Jacinda Ardern says rumours she's not well enough to be Prime Minister are "disappointing" and not true.
Taking questions on RadioLIVE on Friday, host Mark Sainsbury asked the Labour leader if she knew about the rumours.
"People are putting out stories about you... [that] your health is not up to the job, that you've been hospitalised," Sainsbury said.
"In other words, 'Keep away from her, she is not up to it.' Are you aware of that?"
Ms Ardern said she was aware of rumours, and was happy to "correct the record".
"I think that's reflecting a time when I had an unfortunate complication with tonsillitis - something called quinsy," she explained.
"That was the basis on which that started.
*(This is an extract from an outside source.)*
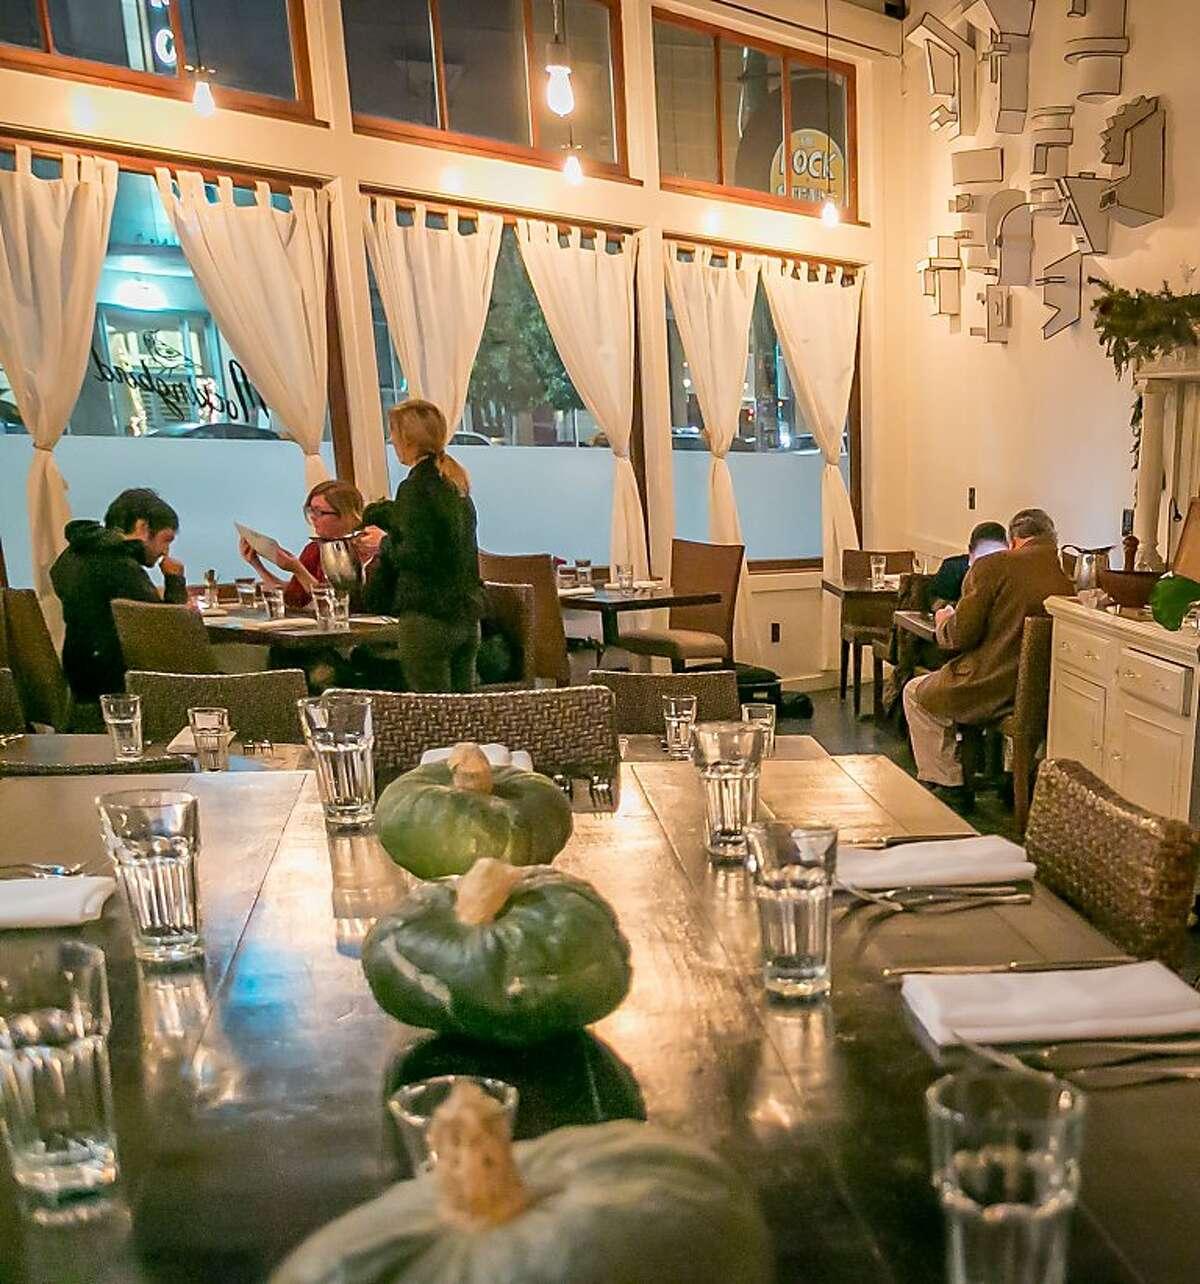 diners enjoy dinner at Mockingbird restaurant in Oakland, Calif., is seen on December 27th, 2013.

New Zealand, in different forms, gets plagued by gossip and hearsay, and I am happy to bat back on things like that. But ultimately what I hope is people will see me for who I am - that I'm upfront, that I address problems as they arise, that I'm someone who has enough courage to be in politics in the first place, let alone taking on this job under these exceptional circumstances.
"I am robust enough for this job."
As far as she knows, the rumours weren't started by her political opponents in Parliament. Even if they were, she wouldn't retaliate in kind - nor would she play the 'good cop' while someone else plays the bad.
"Straight bat for us. We've got to win on our own merits."
Those merits, she acknowledged, include the so-called 'Ardern effect' that's seen the 37-year-old revive the party after nearly a decade of decline in the polls.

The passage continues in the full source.